Hi,
As discussed on list, over IM and in person at pgcon I want to make
multixact truncations be WAL logged to address various bugs.
Since that's a comparatively large and invasive change I thought it'd be
a good idea to start a new thread instead of burying it in a already
long thread.
Here's the commit message which hopefully explains what's being changed
and why:
Rework the way multixact truncations work.
The fact that multixact truncations are not WAL logged has caused a fair
share of problems. Amongst others it requires to do computations during
recovery while the database is not in a consistent state, delaying
truncations till checkpoints, and handling members being truncated, but
offset not.
We tried to put bandaids on lots of these issues over the last years,
but it seems time to change course. Thus this patch introduces WAL
logging for truncation, even in the back branches.
This allows:
1) to perform the truncation directly during VACUUM, instead of delaying it
to the checkpoint.
2) to avoid looking at the offsets SLRU for truncation during recovery,
we can just use the master's values.
3) simplify a fair amount of logic to keep in memory limits straight,
this has gotten much easier
During the course of fixing this a bunch of bugs had to be fixed:
1) Data was not purged from memory the member's slru before deleting
segments. This happend to be hard or impossible to hit due to the
interlock between checkpoints and truncation.
2) find_multixact_start() relied on SimpleLruDoesPhysicalPageExist - but
that doesn't work for offsets that haven't yet been flushed to
disk. Flush out before running to fix. Not pretty, but it feels
slightly safer to only make decisions based on on-disk state.
To handle the case of an updated standby replaying WAL from a not-yet
upgraded primary we have to recognize that situation and use "old style"
truncation (i.e. looking at the SLRUs) during WAL replay. In contrast to
before this now happens in the startup process, when replaying a
checkpoint record, instead of the checkpointer. Doing this in the
restartpoint was incorrect, they can happen much later than the original
checkpoint, thereby leading to wraparound. It's also more in line to how
the WAL logging now works.
To avoid "multixact_redo: unknown op code 48" errors standbys should be
upgraded before primaries. This needs to be expressed clearly in the
release notes.
Backpatch to 9.3, where the use of multixacts was expanded. Arguably
this could be backpatched further, but there doesn't seem to be
sufficient benefit to outweigh the risk of applying a significantly
different patch there.
I've tested this a bunch, including using a newer standby against a
older master and such.
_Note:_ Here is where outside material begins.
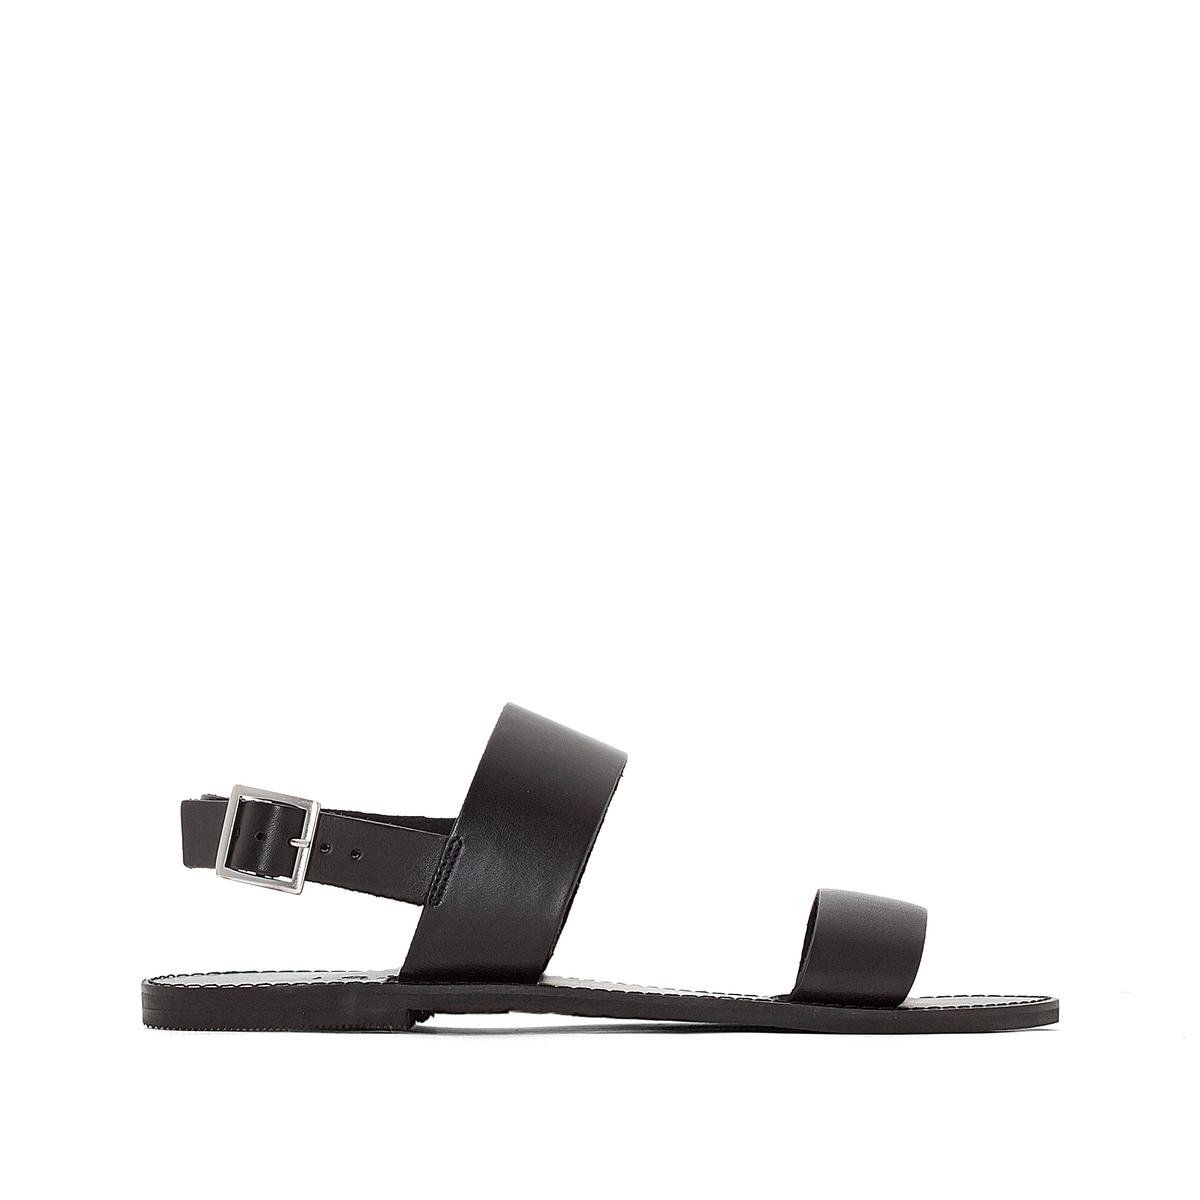 Босоножки кожаные AoudaВерх : кожа   Подкладка : кожа   Стелька : кожа   Подошва : эластомер   Форма каблука : плоский каблук   Мысок : закругленный мысок   Застежка : пряжка<br><br>Цвет: черный<br>Размер: 36.38

What I have yet to test is that the concurrency
protections against multiple backends truncating at the same time are
correct.
It'd be very welcome to see some wider testing and review on this.
I've attached three commits:
0001: Add functions to burn through multixacts - that should get its own file.
0002: Lower the lower bound limits for *_freeze_max_age - I think we should
just do that. There really is no reason for the current limits
and they make testing hard and force space wastage.
0003: The actual truncation patch.
Greetings,
Andres Freund